Instructions to follow:
The answer must be the full listing, word for word, with no pictures in it.

(Data begins)

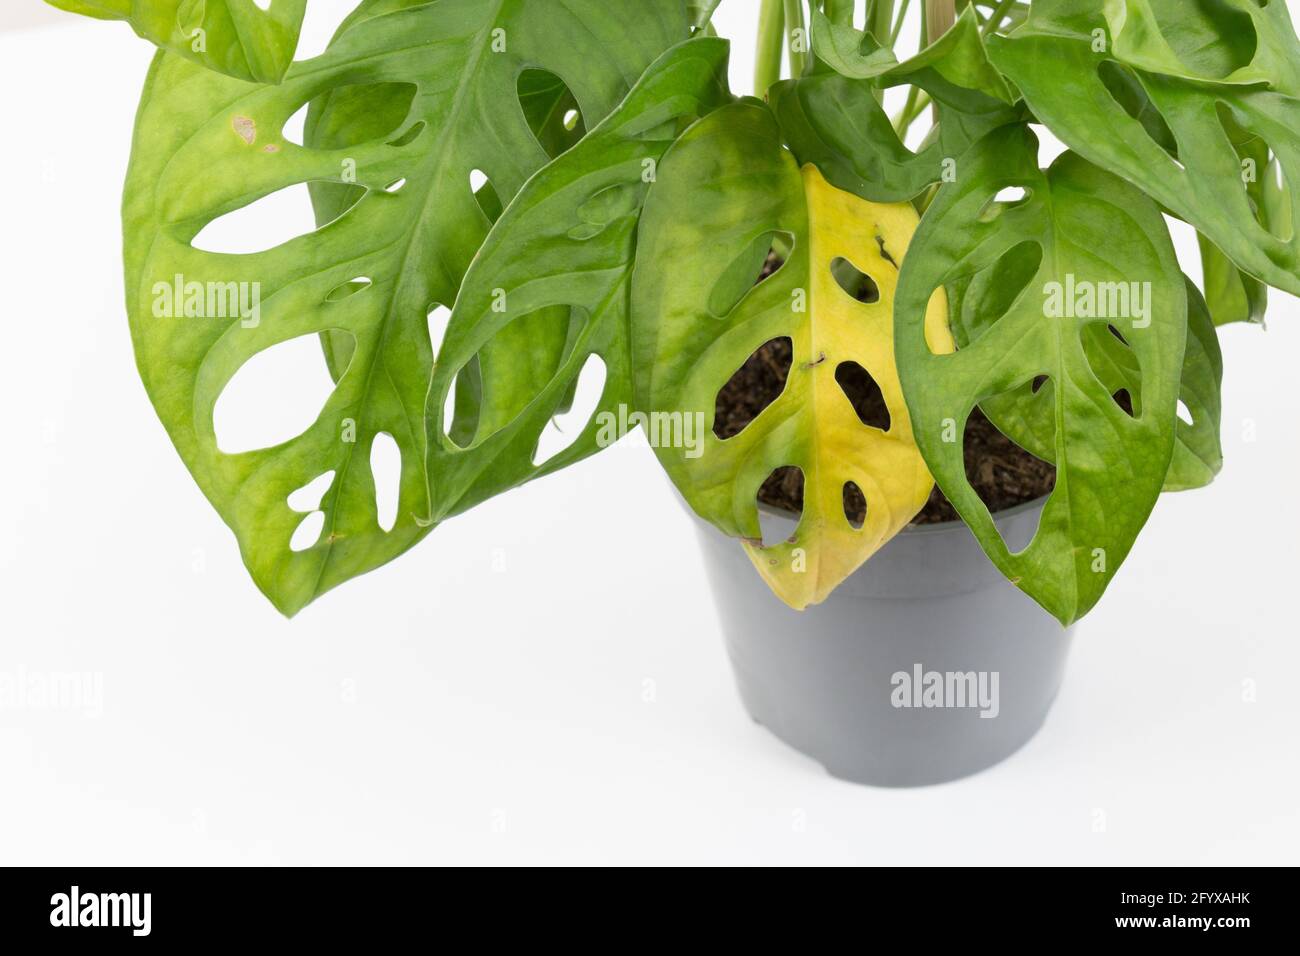 monstera Pflanze mit gelben Blättern. Wasser oder falsche Temperatur,  Gartenarbeit. Monstera-Blattkrankheiten Stockfotografie - Alamy
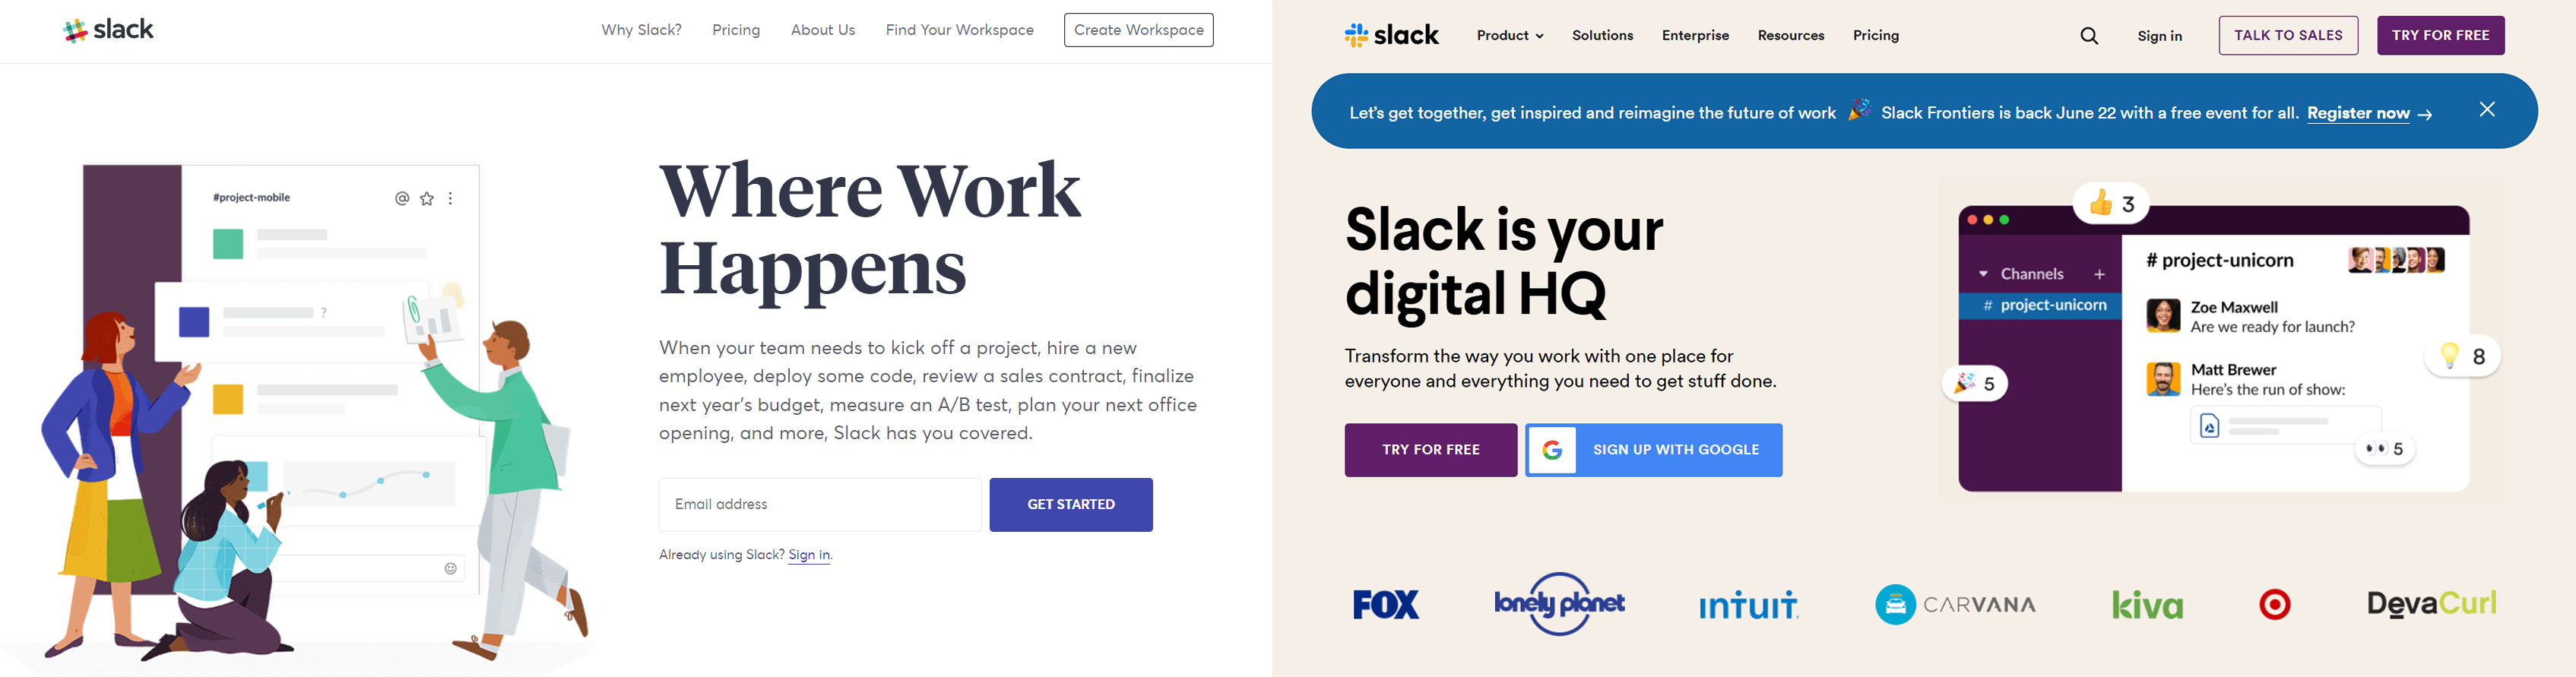 Slack website before and after redesign
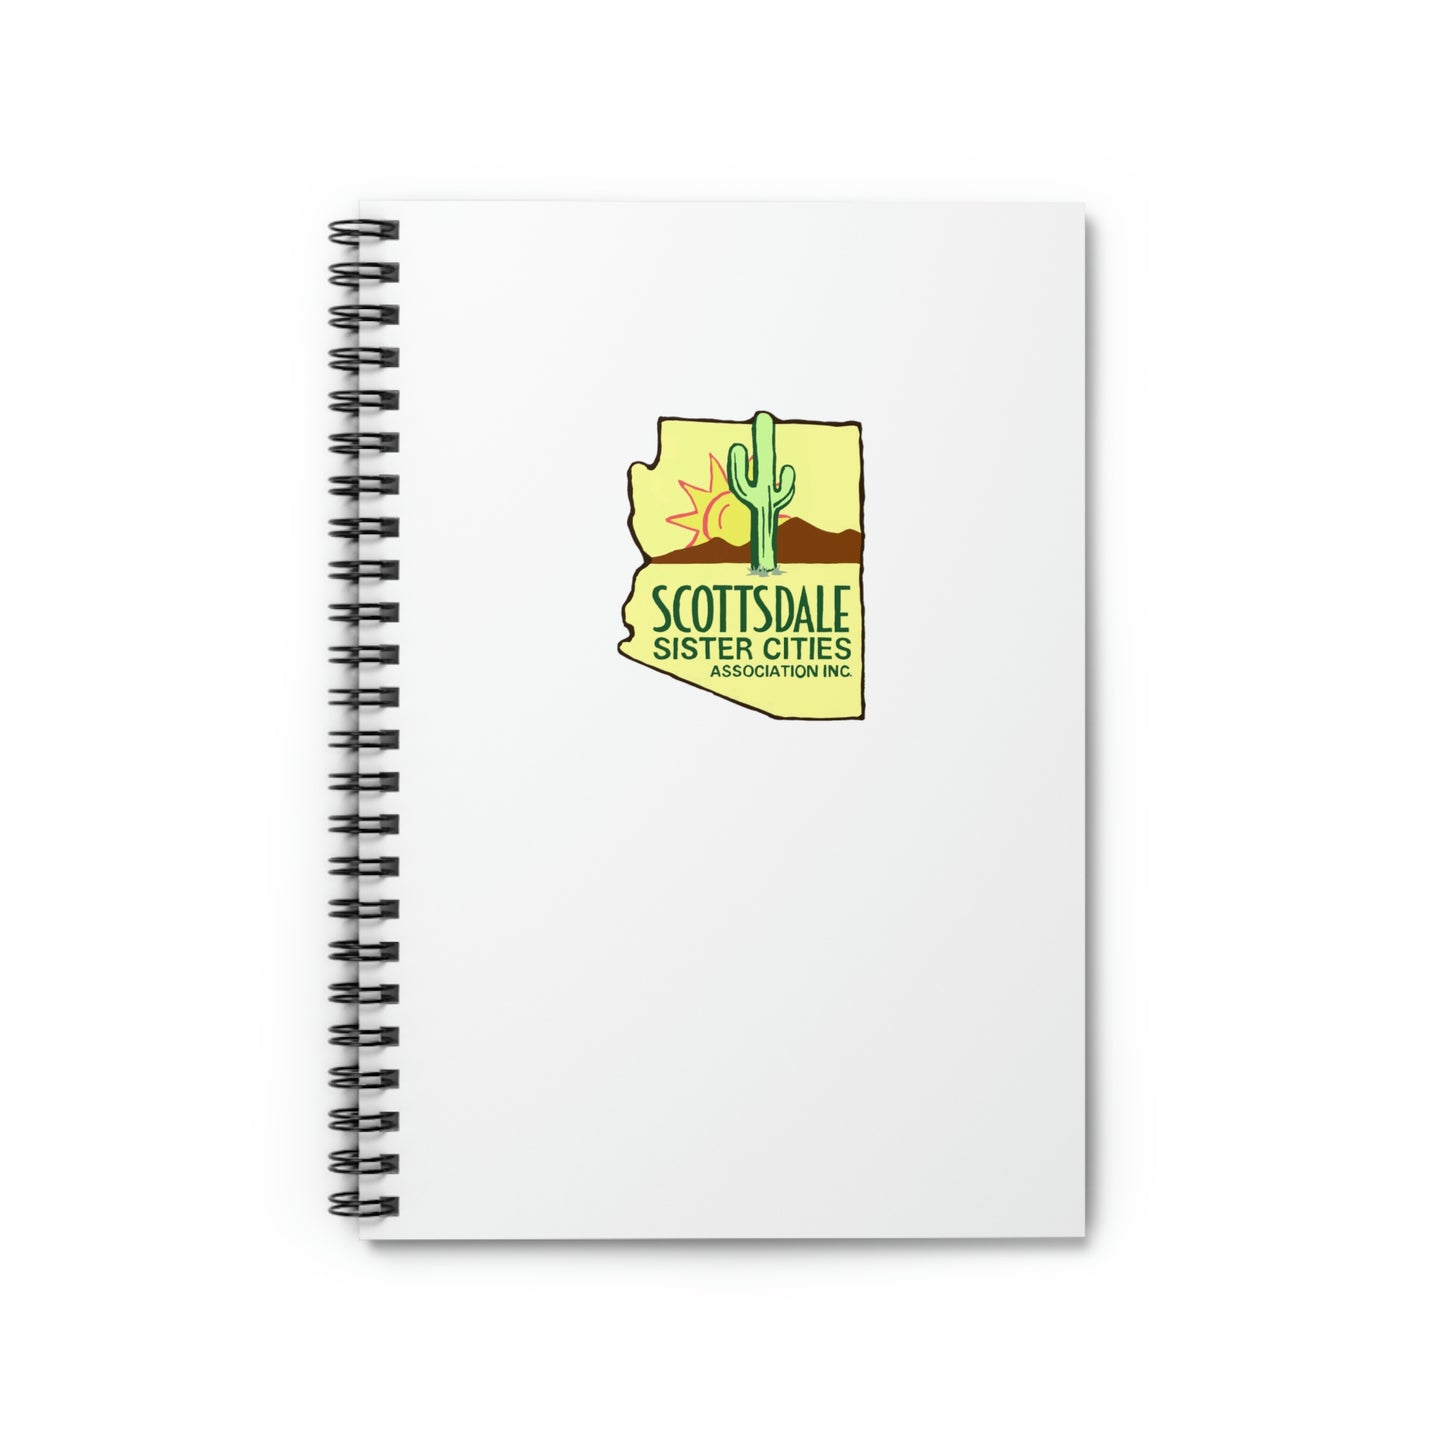 SSCA Logo Spiral Notebook - Ruled Line

(Data ends)

Reply:
 monstera Pflanze mit gelben Blättern. Wasser oder falsche Temperatur,  Gartenarbeit. Monstera-Blattkrankheiten Stockfotografie - Alamy
 Slack website before and after redesign
 SSCA Logo Spiral Notebook - Ruled Line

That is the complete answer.